Na katowickim placu Synagogi planowana jest wycinka drzew. Właściciel działki planuje odbudować w tym miejscu dawną synagogę. Miasto stanowczo protestuje. Władze nie godzą się również na przesadzenie drzew, które nie tylko są w bardzo dobrym stanie, ale posiadają też cenne walory przyrodniczo-krajobrazowe.

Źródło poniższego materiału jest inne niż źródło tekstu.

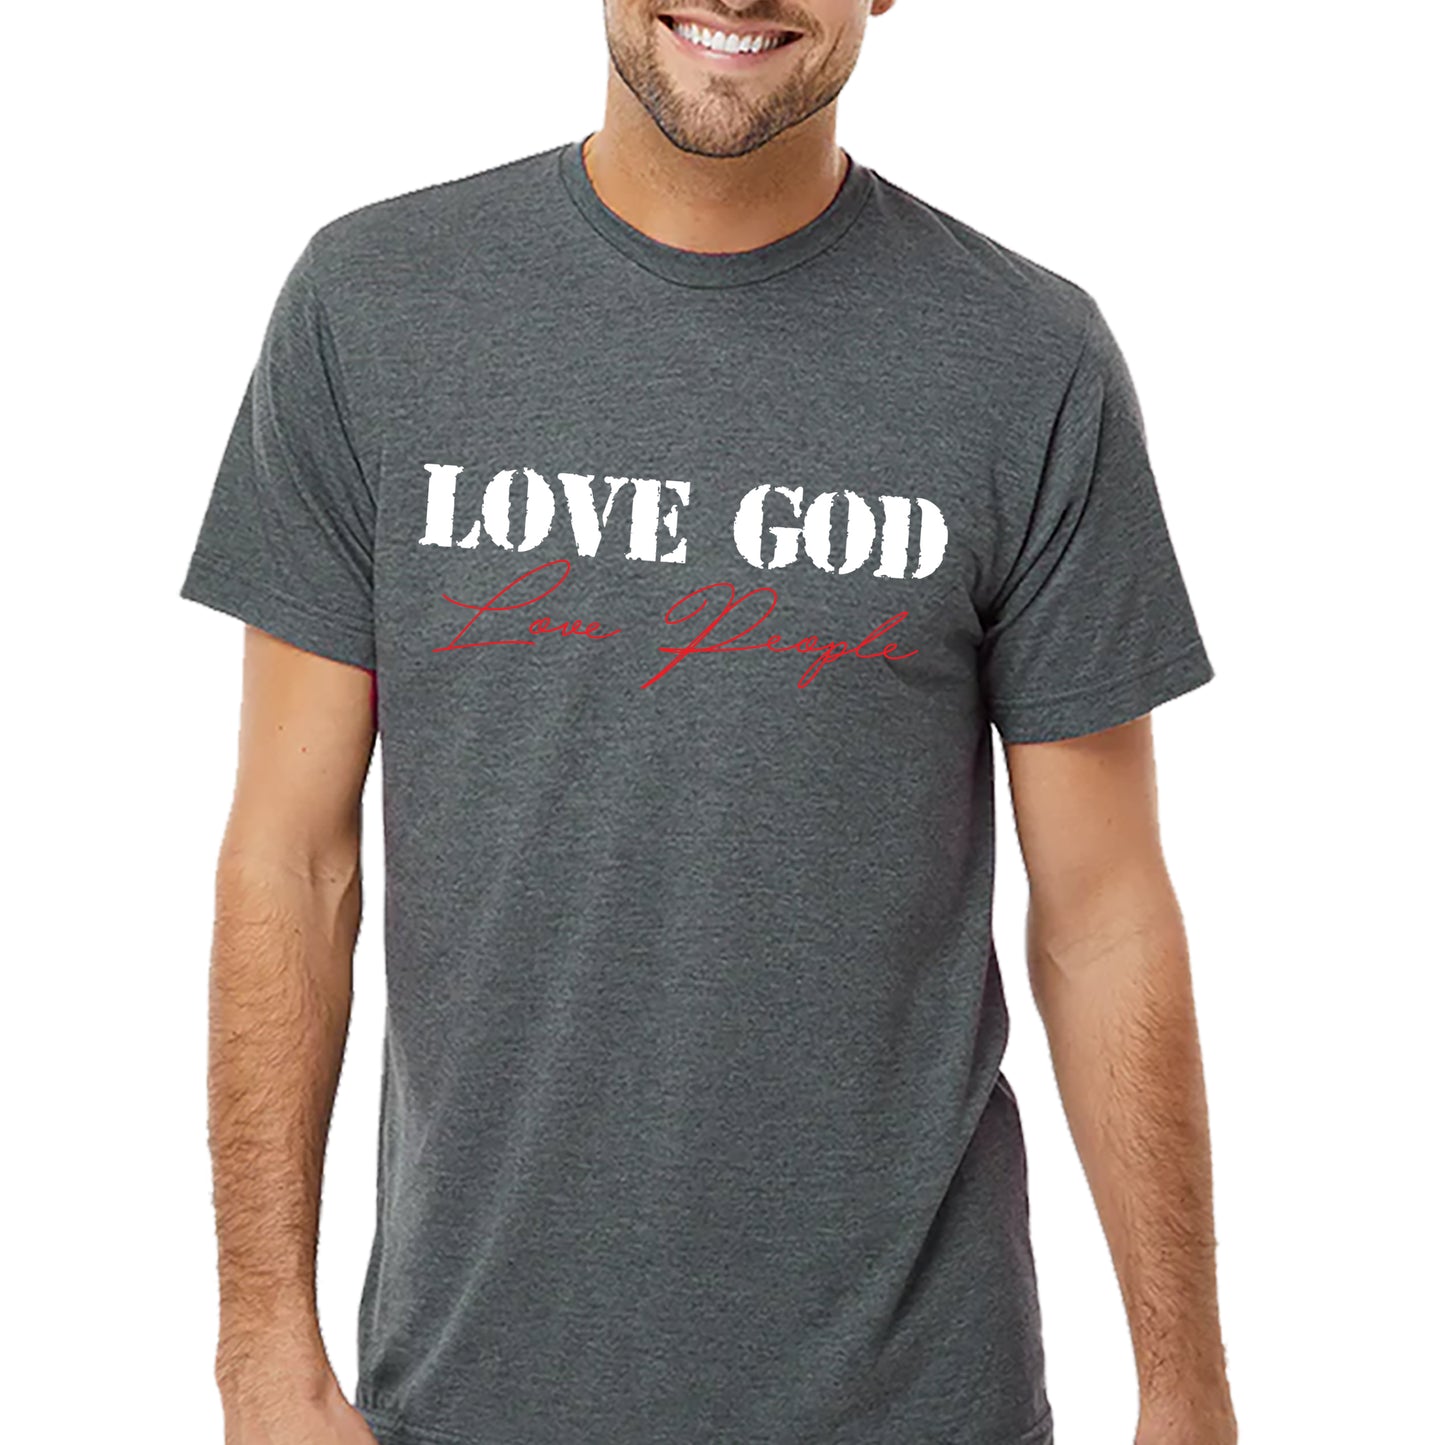 Love God Love People T-shirt

Wniosek o wycinkę 13 drzew wpłynął do Urzędu Miasta
Kilka dni temu do katowickiego Urzędu Miasta wpłynął wniosek dotyczący wycinki 13 drzew z placu Synagogi. Mowa jest o dużych, zdrowych drzewach, które znajdują się na terenie położonym pomiędzy ulicami Mickiewicza i Skargi. Od wielu lat w miejscu tym funkcjonuje lokalny targ. Adam Grządziel, właściciel działki planuje odtworzenie w tym miejscu znajdującej się tam niegdyś synagogi. Jak podkreśla, budynek nie będzie docelowo stanowił miejsca kultu religijnego. Ma to być bowiem centrum kulturalne, wyposażone w salę koncertową i teatralną oraz halę wystawową. Grządziel zapewnia też, że nie chodzi o wycinkę, a wyłącznie o przesadzenie drzew.
Stanowisko Urzędu Miasta
Urząd Miasta zapoznał się z wnioskiem, ale nie wyraził zgody, ani na wycinkę, ani na przesadzenie drzew. Decyzję tę argumentowano faktem, że każde z drzew jest w bardzo dobrym stanie fitosanitarnym, przy czym posiadają one wartość przyrodniczo – krajobrazową. Ponadto zmniejszają one tzw. wyspy ciepła oraz stanowią siedliska ptaków znajdujących się pod ochroną. Wyrażono zgodę na usunięcie tylko jednego drzewa – wierzby, która jest obumarła i tworzy zagrożenie dla przechodniów.
Konflikt pomiędzy władzami miasta a właścicielem terenu na placu Synagogi toczy się już od kilku lat. Grządziel uważa, że urzędnicy robią wszystko, aby zablokować inwestycję. Wygląd i funkcje znajdującego się w samym sercu Katowic placu wciąż pozostają kwestią sporną. W zeszłym roku znajdujące się tam targowisko zostało odnowione, jednak wciąż nie udało się stworzyć takiej wizji tego miejsca, na którą wyraziliby zgodę urzędnicy, a która satysfakcjonowałaby jednocześnie wszystkich mieszkańców miasta.